◆ **What you have to do**
Nothing but the pictures may be dropped; the rest of the listing is to be written out exactly.

◆ **Data below**
■ ■ ■ ■ ■

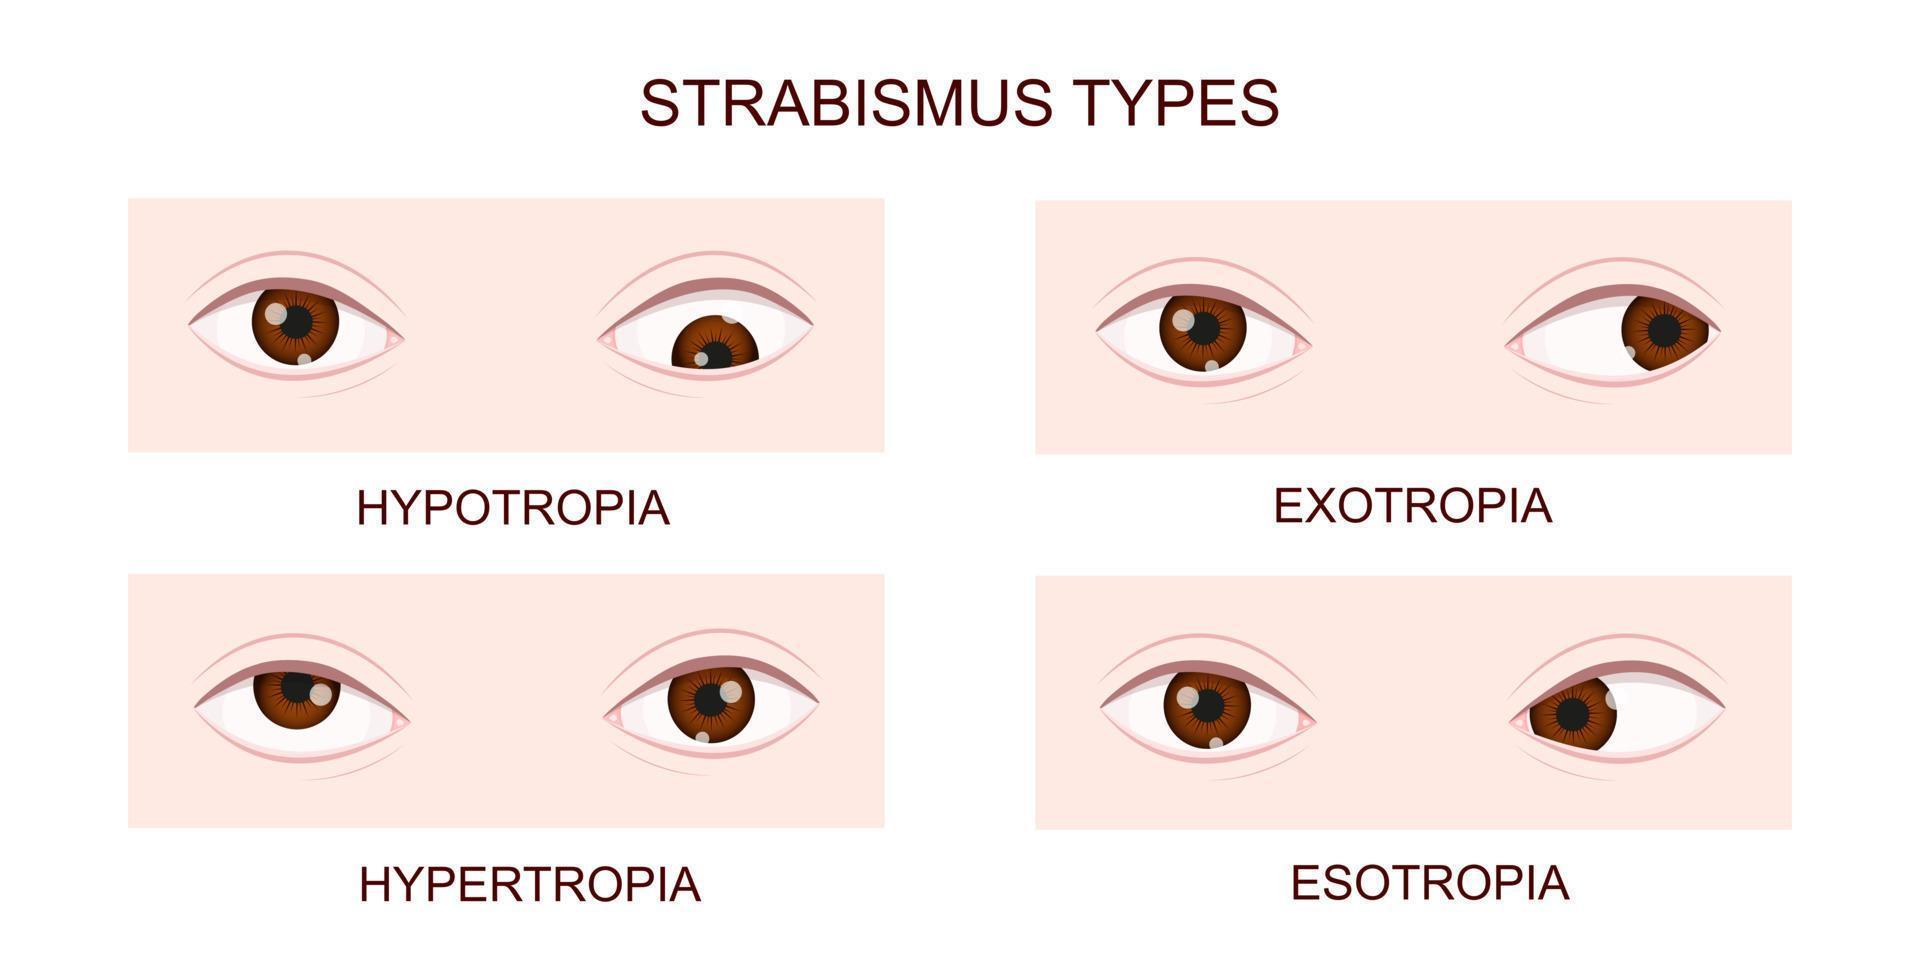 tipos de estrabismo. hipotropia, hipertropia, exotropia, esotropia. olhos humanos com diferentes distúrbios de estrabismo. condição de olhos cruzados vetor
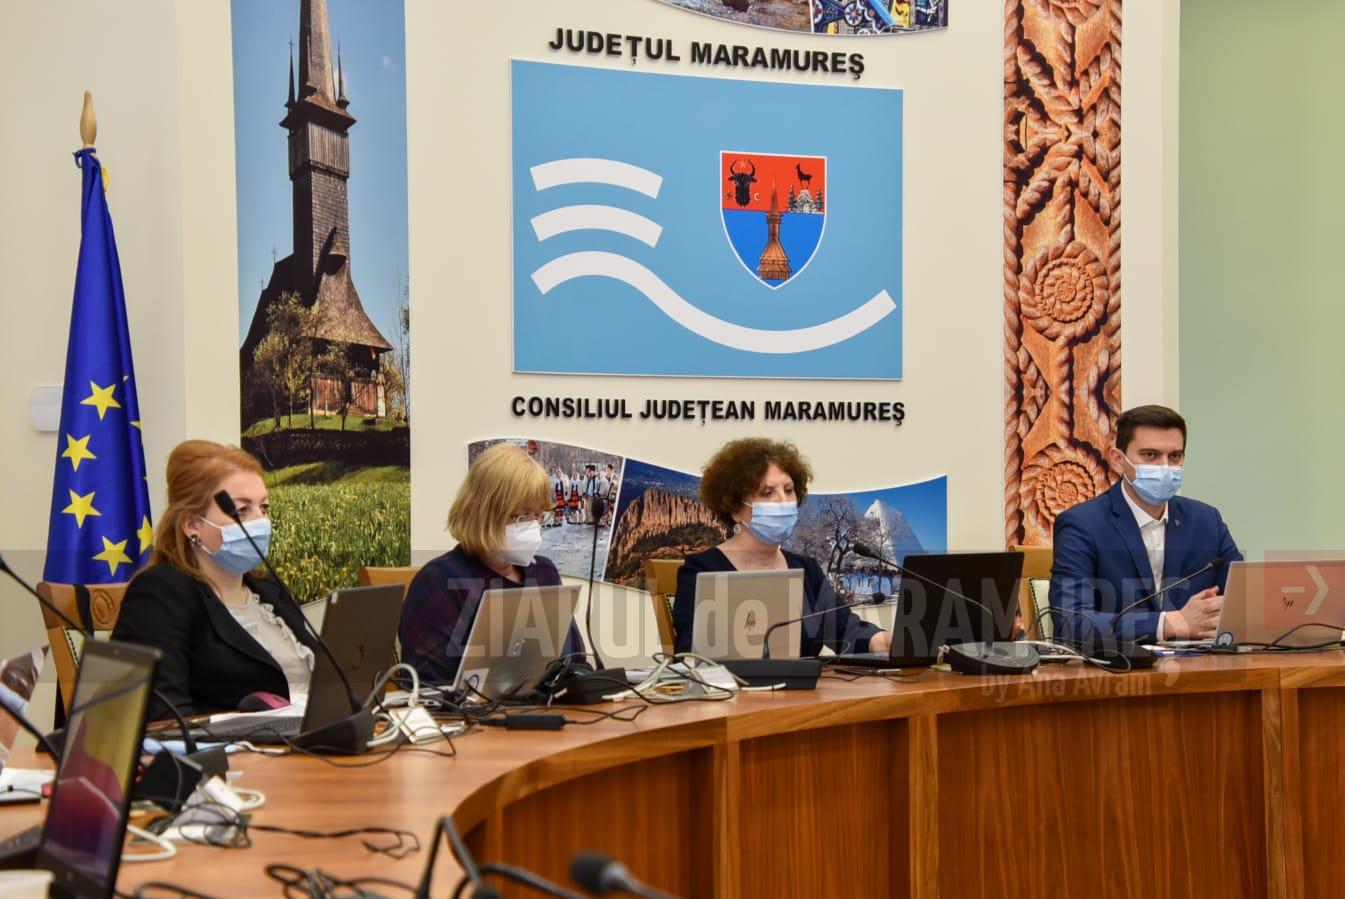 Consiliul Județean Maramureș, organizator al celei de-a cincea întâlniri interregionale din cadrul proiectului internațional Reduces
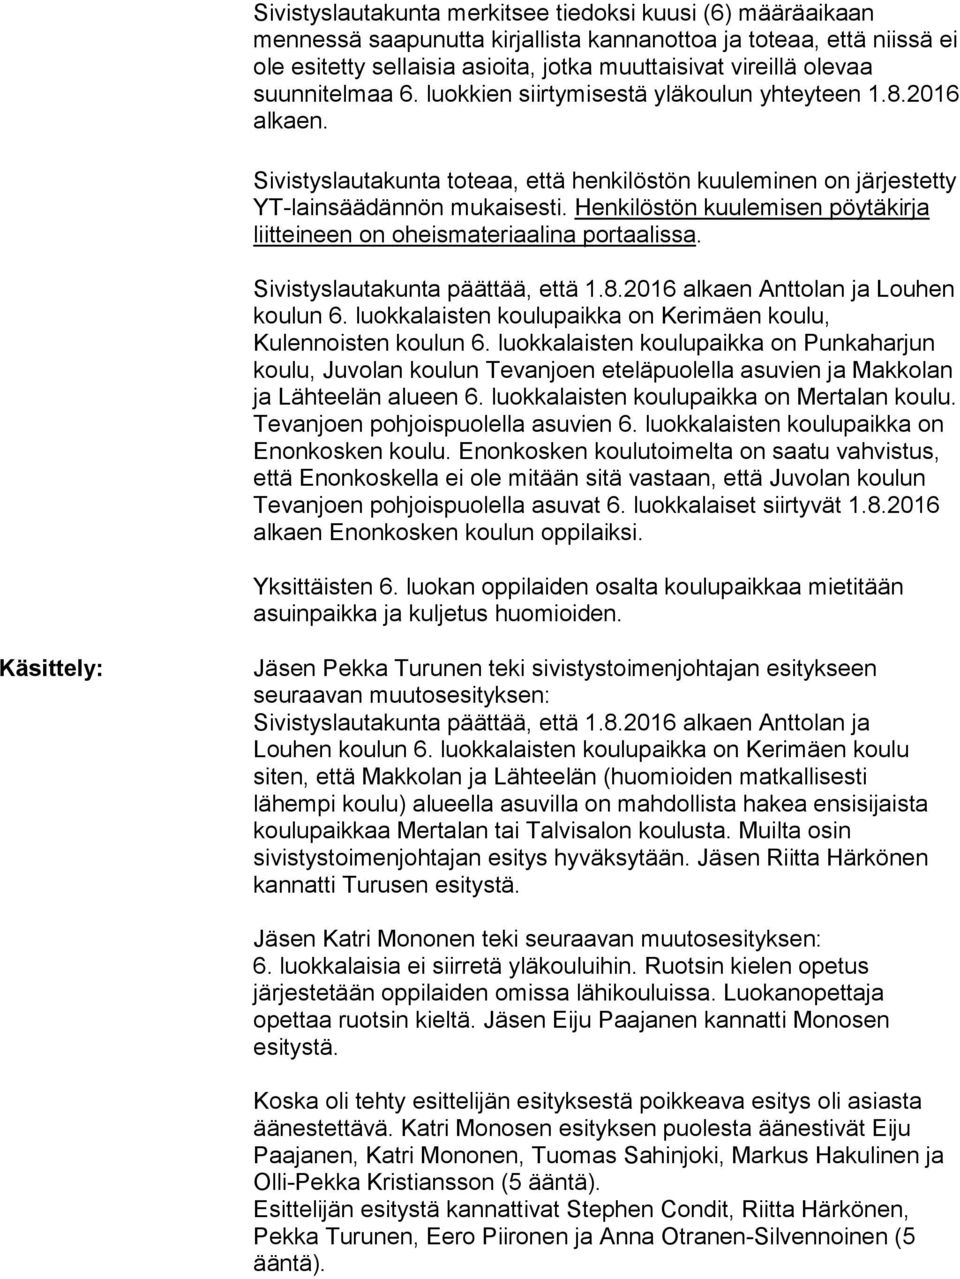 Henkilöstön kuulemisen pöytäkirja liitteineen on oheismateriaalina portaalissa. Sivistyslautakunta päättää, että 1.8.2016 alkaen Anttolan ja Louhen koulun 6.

■ ■ ■ ■ ■

◆ **Result of this task**
 tipos de estrabismo. hipotropia, hipertropia, exotropia, esotropia. olhos humanos com diferentes distúrbios de estrabismo. condição de olhos cruzados vetor
 Consiliul Județean Maramureș, organizator al celei de-a cincea întâlniri interregionale din cadrul proiectului internațional Reduces
 Henkilöstön kuulemisen pöytäkirja liitteineen on oheismateriaalina portaalissa. Sivistyslautakunta päättää, että 1.8.2016 alkaen Anttolan ja Louhen koulun 6.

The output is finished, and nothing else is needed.